## WHAT YOU WILL DO
Given the material below, output exactly the lines from the line with "Finished: Gloss and gold lustre" to the line with "Sculptor: Dept. Design and", both ends included, and no other lines.

=== MATERIAL FOR THE TASK ===

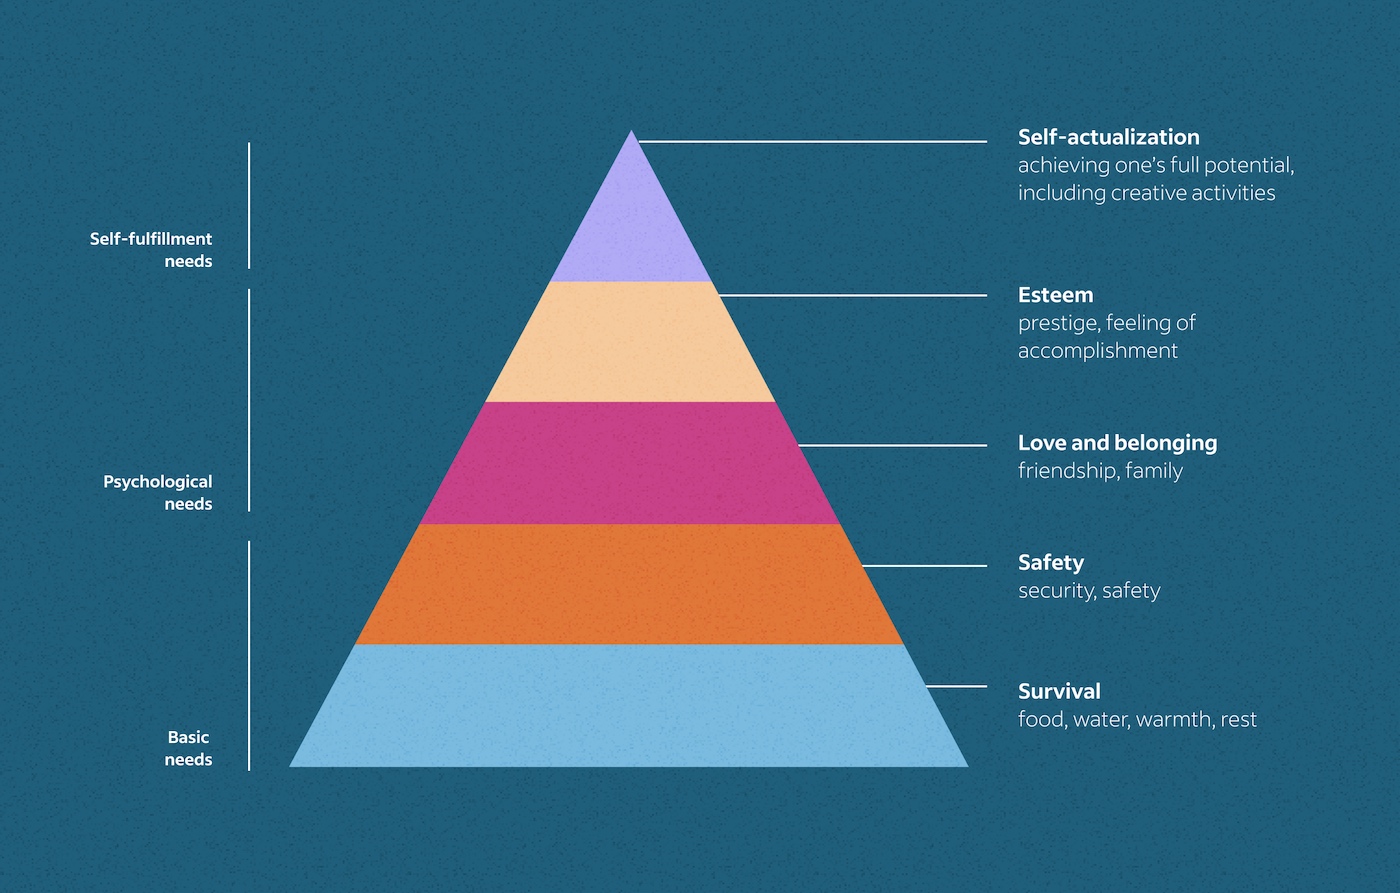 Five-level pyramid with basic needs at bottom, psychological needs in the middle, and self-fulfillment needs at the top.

===
=== MATERIAL FOR THE TASK ===

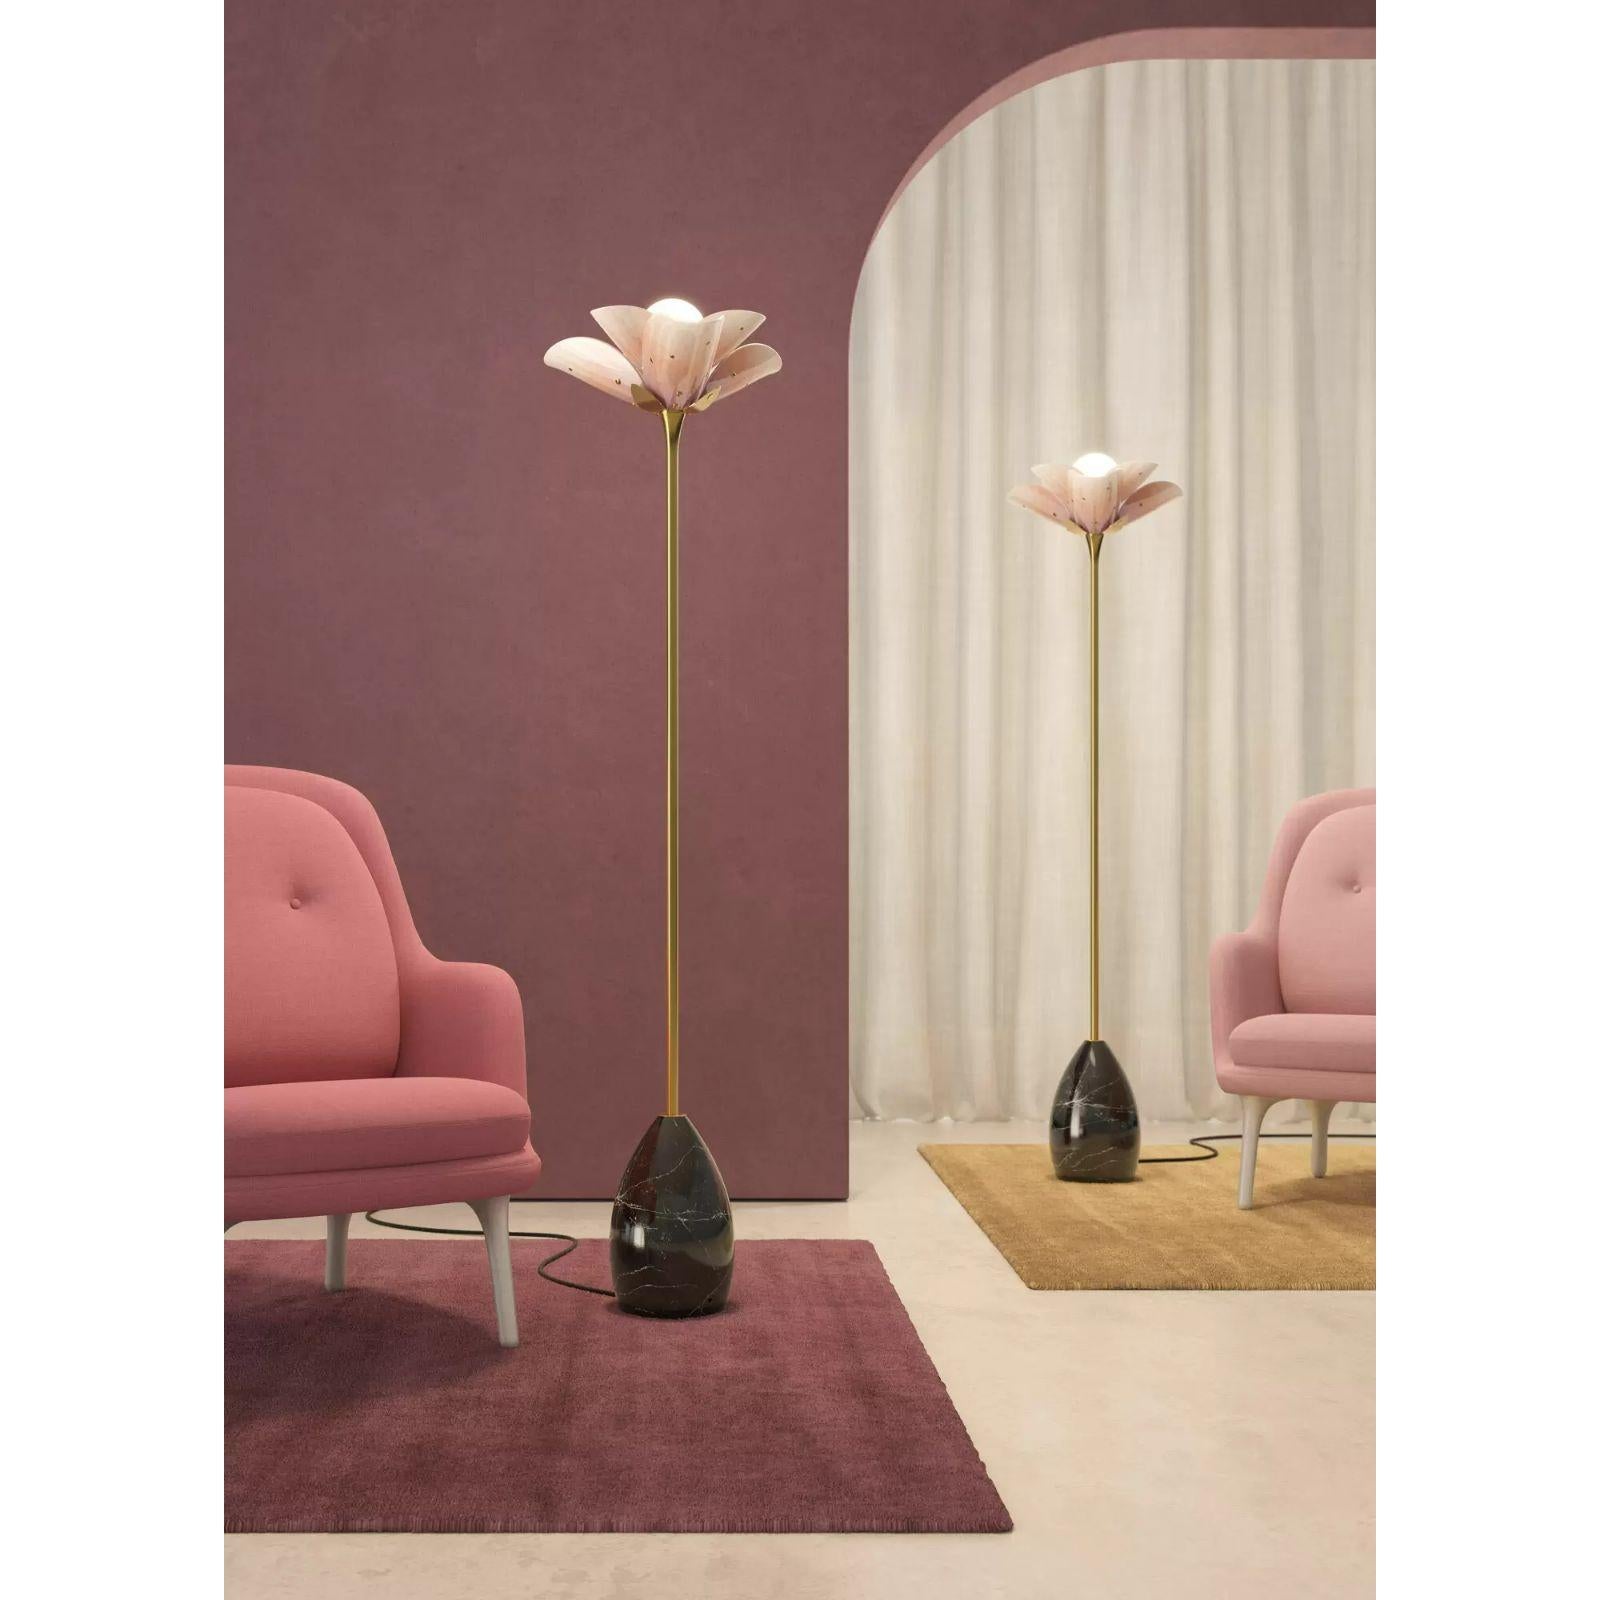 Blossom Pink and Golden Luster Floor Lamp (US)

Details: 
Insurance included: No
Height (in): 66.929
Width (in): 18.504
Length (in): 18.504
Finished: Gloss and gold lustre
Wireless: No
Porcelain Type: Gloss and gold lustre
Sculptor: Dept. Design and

===

## COMPLETED TASK
Finished: Gloss and gold lustre
Wireless: No
Porcelain Type: Gloss and gold lustre
Sculptor: Dept. Design and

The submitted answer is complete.